CS5014: Homework 3

Due Friday, 15 September

Please turn in a hardcopy of the solution to this homework, written using LaTeX. You may not receive full credit if you do not staple together the pages of your homework.

  1. Consider Table 4 of the Abrams, Standridge, Abdulla, Williams, and Fox paper from HW2 (html version; postscript). Compute all indices of dispersion from section 12.8 for the 6 values representing lifetime of a document in the cache for the classroom workload and the LRU replacement policy. Which index would you choose, and why? (Note: We did not discuss indices of dispersion in class, but I trust that you can read and apply sections 12.8 and 12.9 in Jain on your own.
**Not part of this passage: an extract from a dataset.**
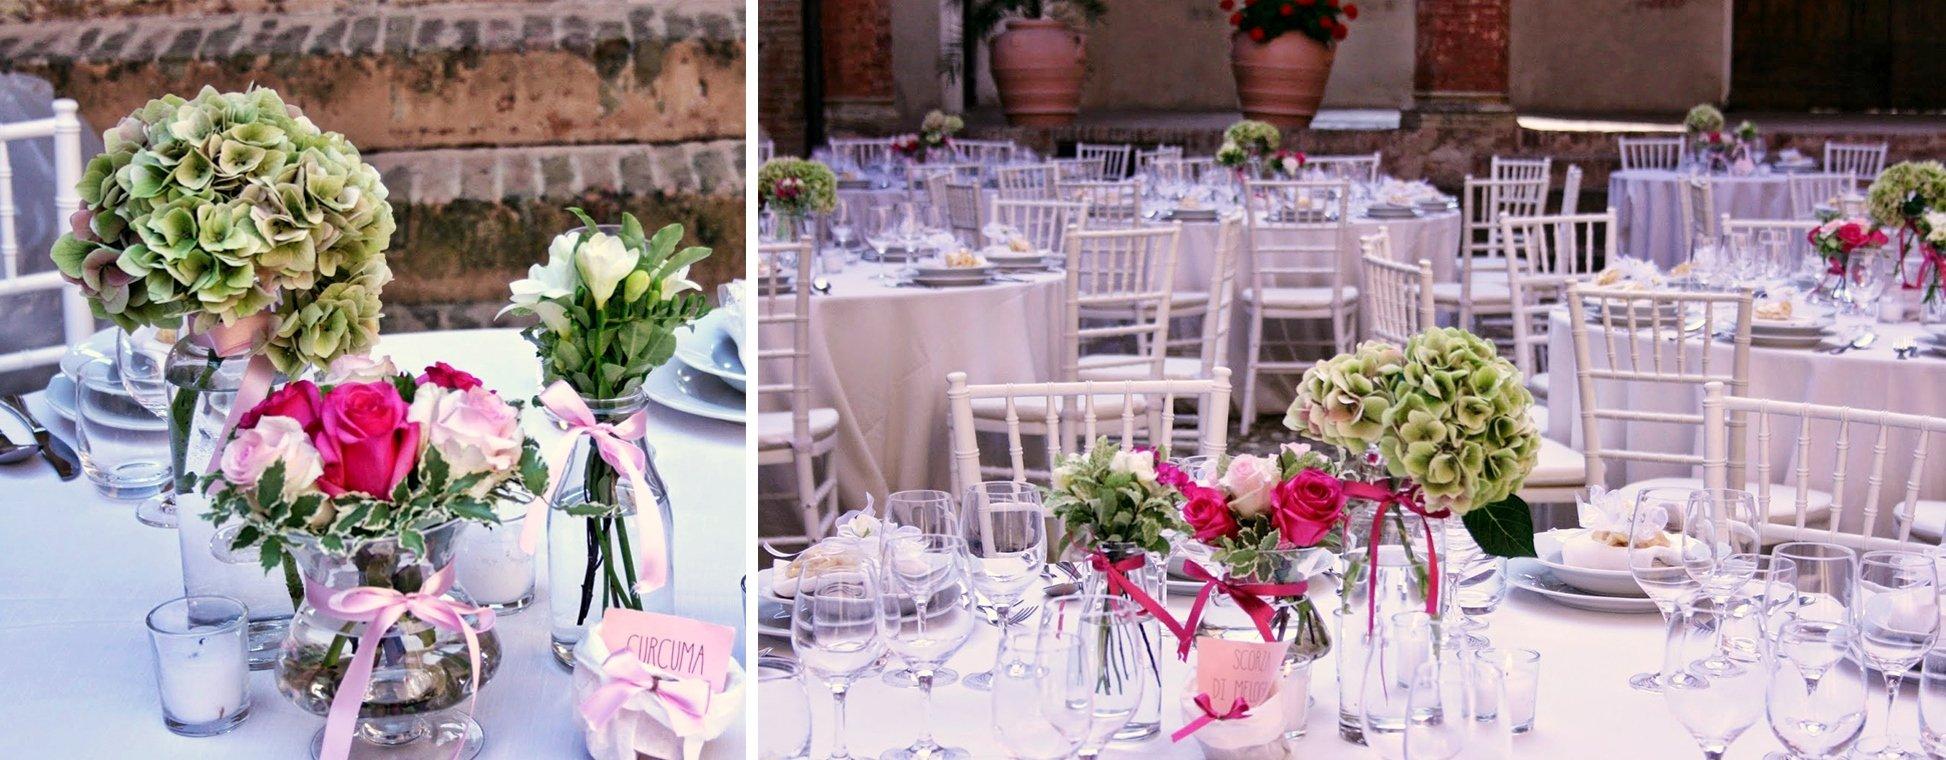 Matrimonio Tema Juta : Wedding time i matrimoni di oui a casa ro

Also refer to problems 12.13 and 12.14 in Jain if you are unsure of your answer -- the answers are in the back of Jain!)

  2. Repeat the previous problem, but for index of central tendency. (Refer to problems 12.8, 12.10, and 12.11 in Jain if you are unsure of your answer.)

  3. Do problem 12.15 in Jain. Use gnuplot to generate an encapslated postscript file of the graph, and include the graph in your LaTeX document.
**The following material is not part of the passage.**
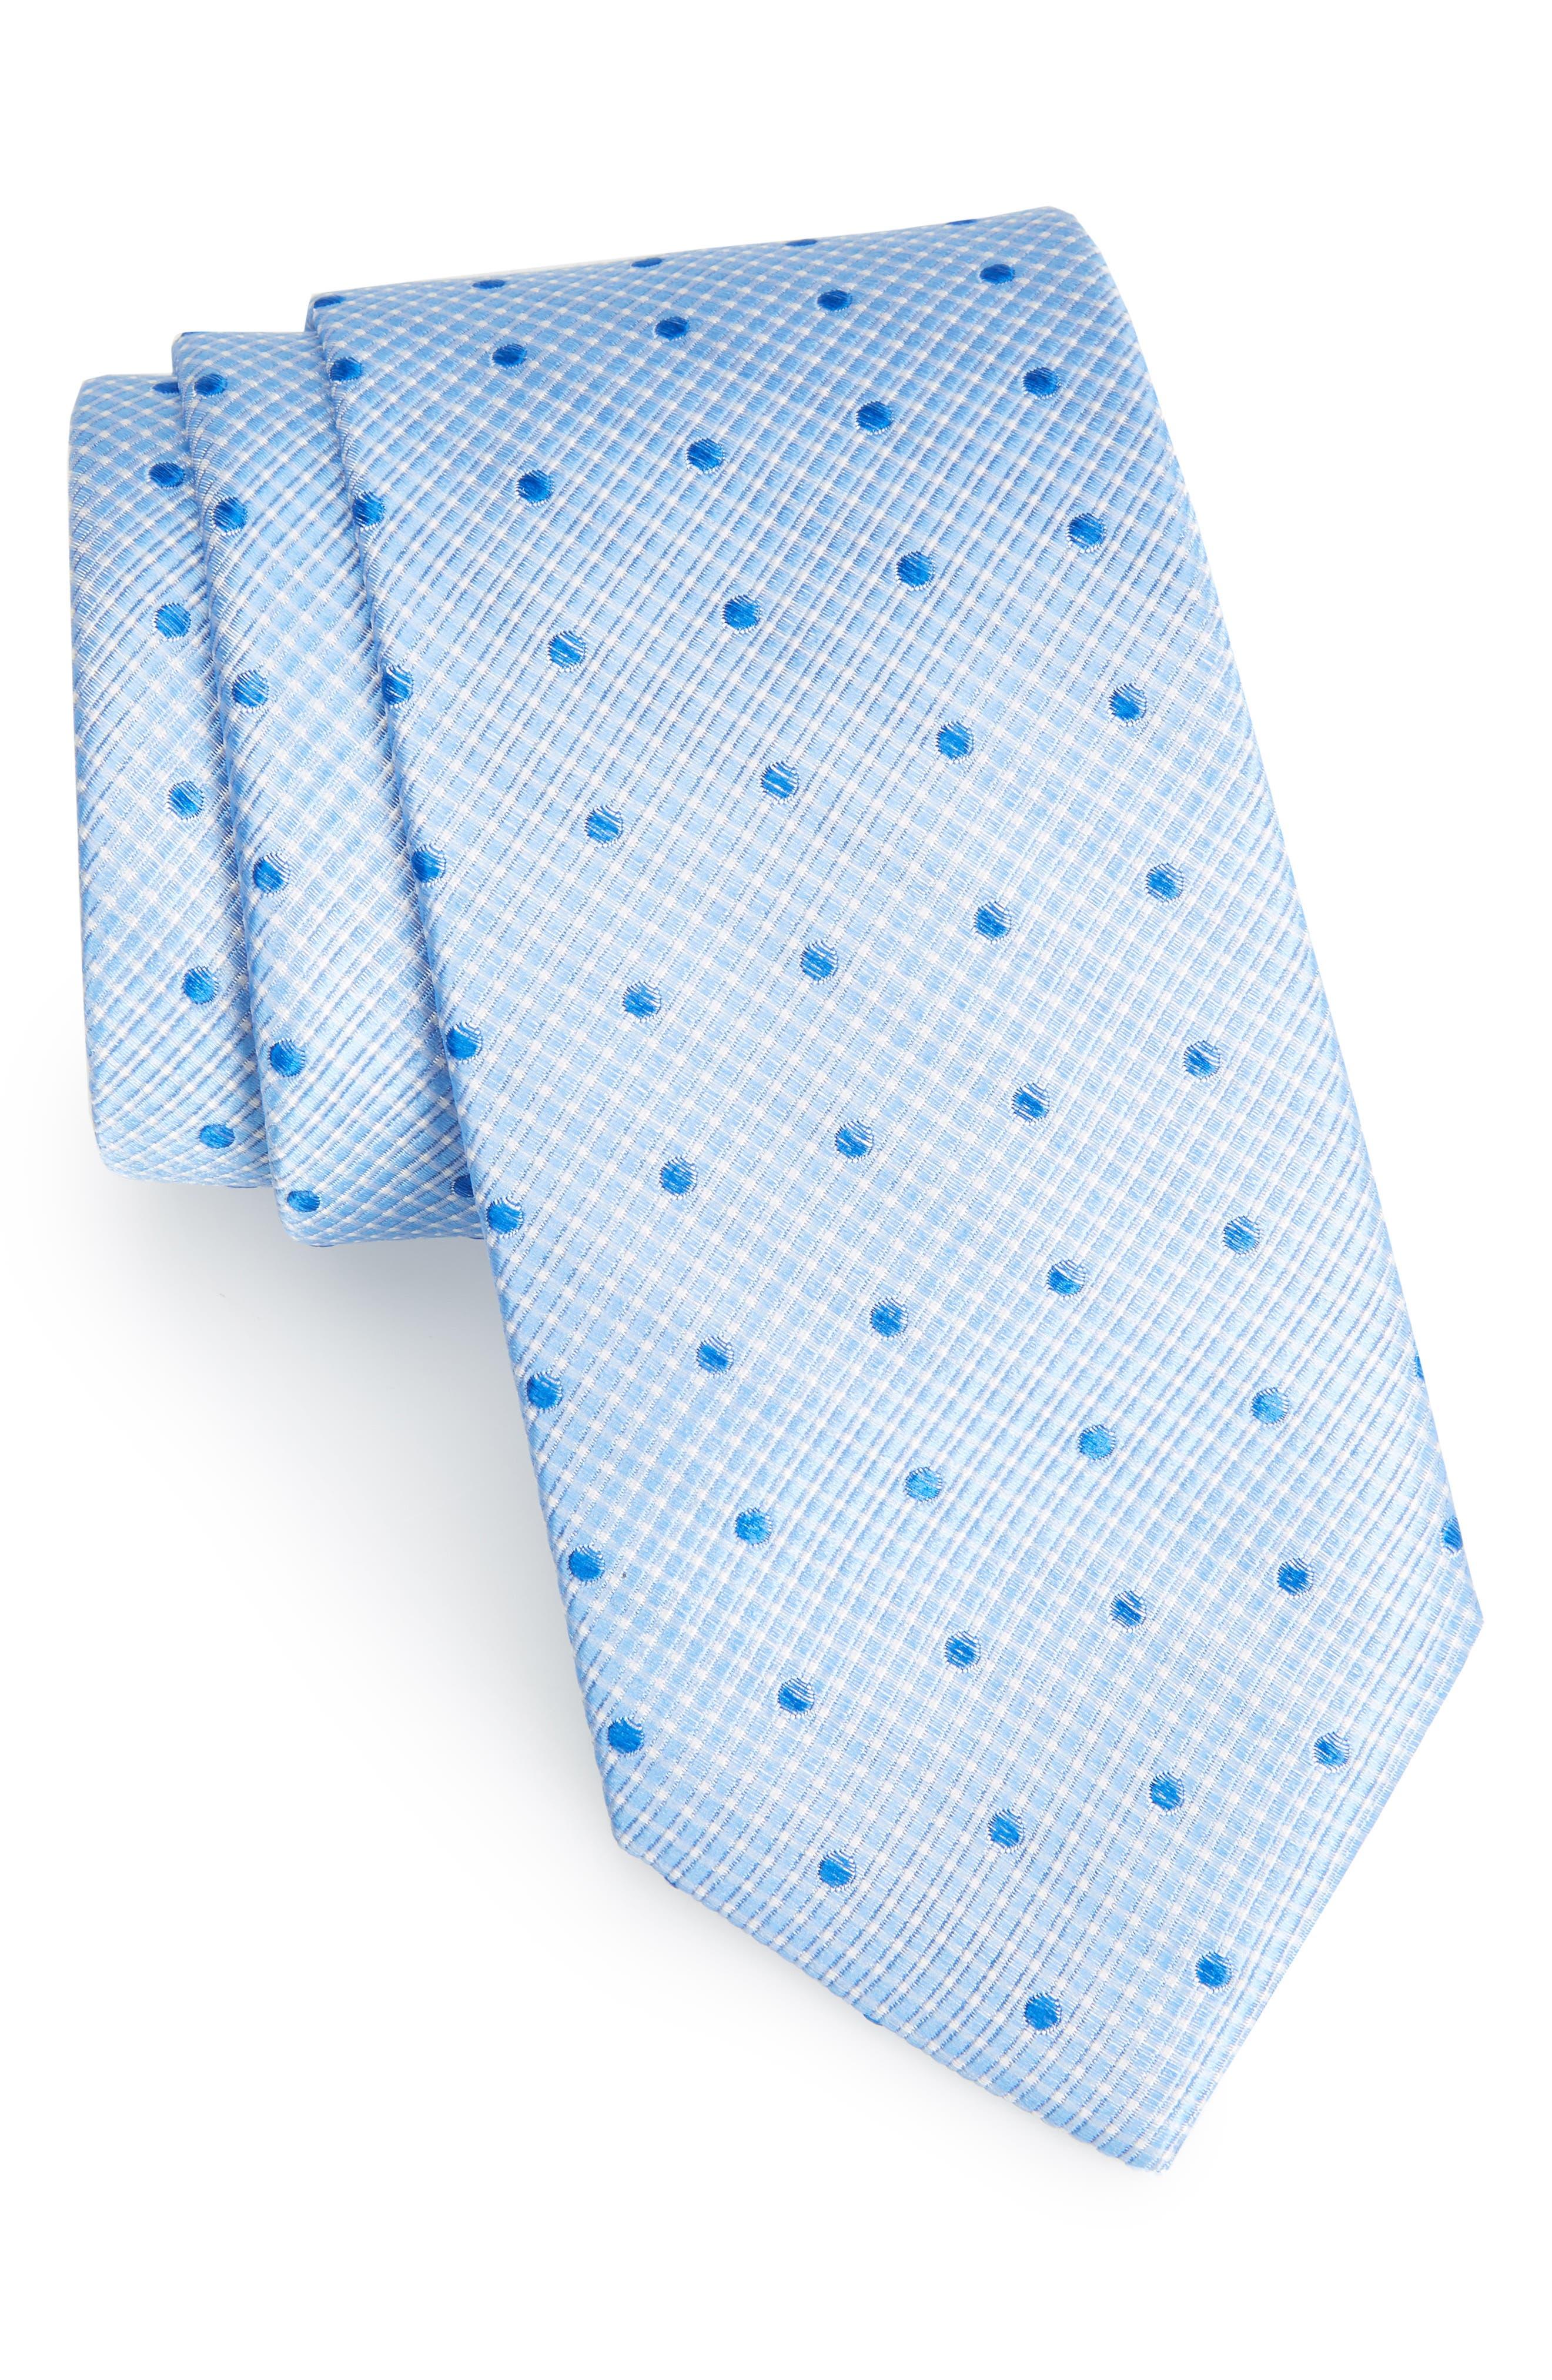 Drayton Dot Silk Tie,                             Main thumbnail 1, color,                             BLUE

  4. Consider a data set with n samples, denoted XS(1),...,XS(n). For Q-Q plots, why is it inconvenient to have an empirical distribution function F_S(x) such that F_S(XS(n)) = 1?

  5. In class, we defined a QQ plot to test if a continuous theoretical distribution fit empirical data. What difficulty arises when you try to define a Q-Q plot to test if a discrete theoretical distribution fits empirical data?